🤖 AI Summary
Existing Theory of Mind (ToM) benchmarks focus narrowly on false-belief and asymmetric-information reasoning, neglecting diverse mental states—such as emotions and intentions—and the critical role of nonverbal cues (NVCs). Method: We introduce Motion2Mind, the first systematic framework for ToM-oriented body-language understanding. It features an expert-validated knowledge base and a fine-grained video dataset annotated with 222 distinct bodily actions and 397 mental states, alongside a novel, interpretable evaluation benchmark mapping NVCs to underlying psychological states. Contribution/Results: Experiments reveal substantial performance gaps between current AI models and humans in both NVC recognition and interpretation of intentions/emotions; models further exhibit pervasive over-interpretation bias.
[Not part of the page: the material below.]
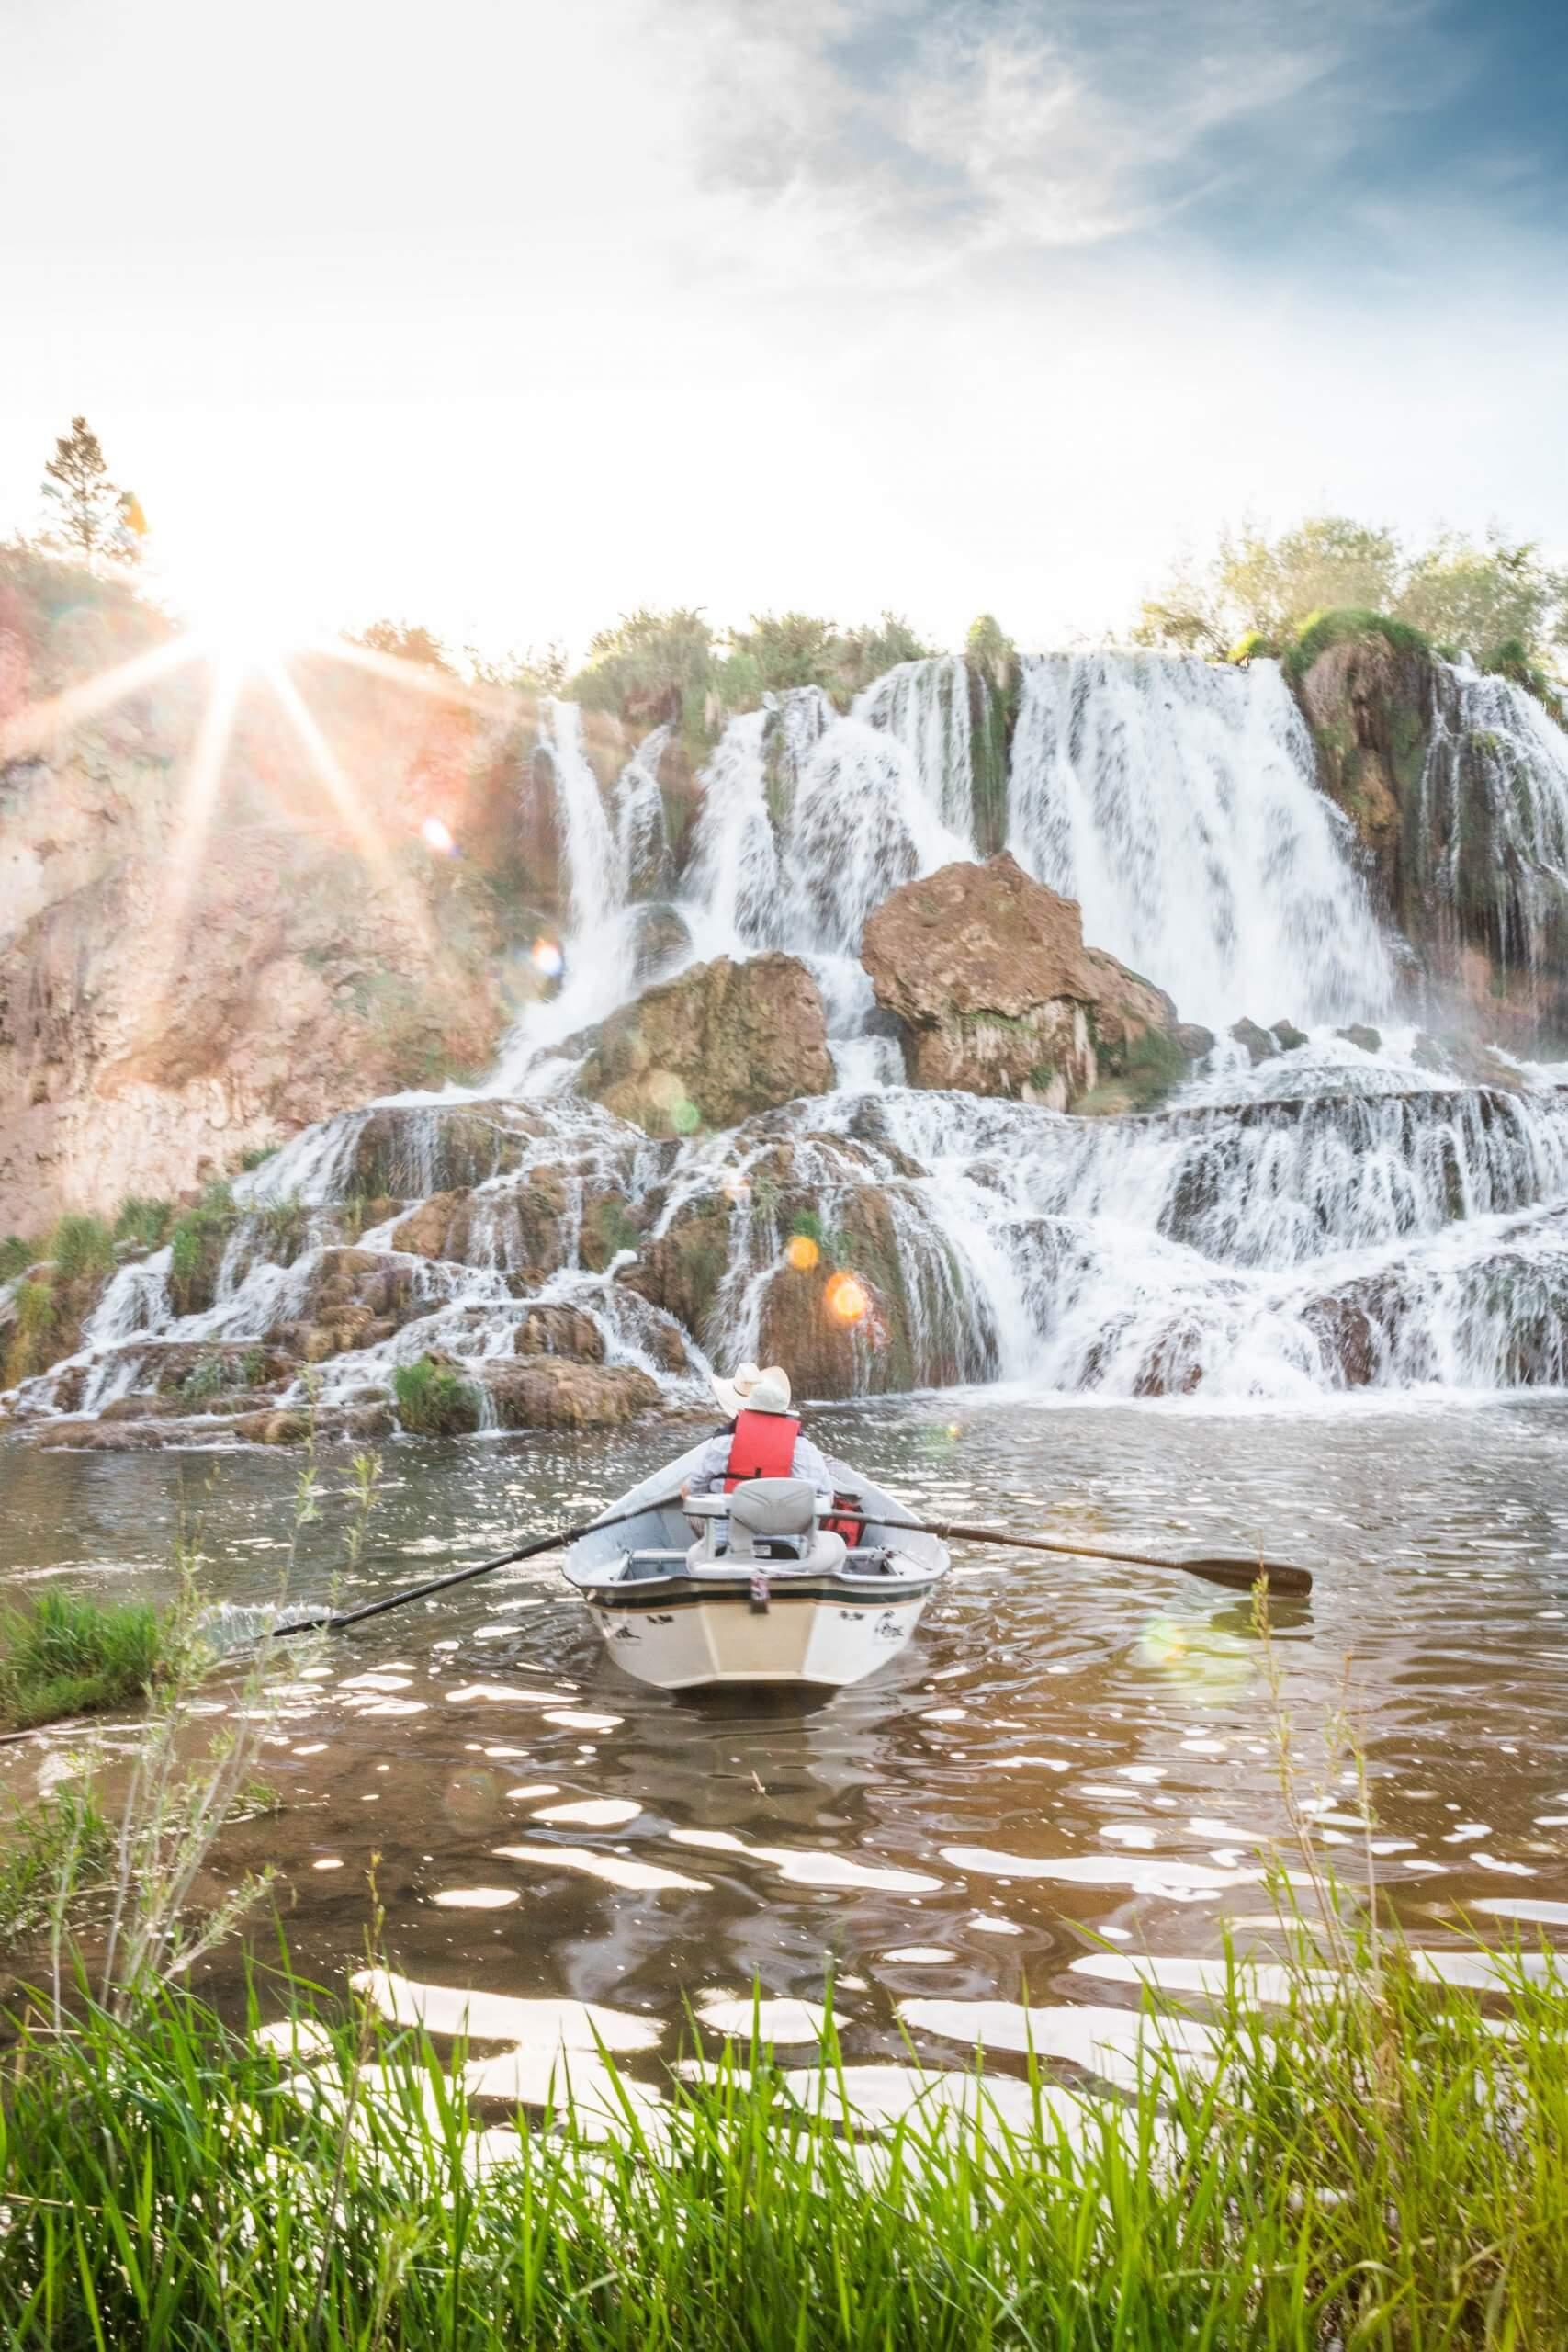 drift boat in front of waterfall

This work bridges a key gap in ToM assessment by incorporating the nonverbal dimension, establishing a new paradigm and robust evaluation infrastructure for embodied intelligence’s mental-state modeling.
📝 Abstract
Our ability to interpret others' mental states through nonverbal cues (NVCs) is fundamental to our survival and social cohesion. While existing Theory of Mind (ToM) benchmarks have primarily focused on false-belief tasks and reasoning with asymmetric information, they overlook other mental states beyond belief and the rich tapestry of human nonverbal communication. We present Motion2Mind, a framework for evaluating the ToM capabilities of machines in interpreting NVCs. Leveraging an expert-curated body-language reference as a proxy knowledge base, we build Motion2Mind, a carefully curated video dataset with fine-grained nonverbal cue annotations paired with manually verified psychological interpretations. It encompasses 222 types of nonverbal cues and 397 mind states. Our evaluation reveals that current AI systems struggle significantly with NVC interpretation, exhibiting not only a substantial performance gap in Detection, as well as patterns of over-interpretation in Explanation compared to human annotators.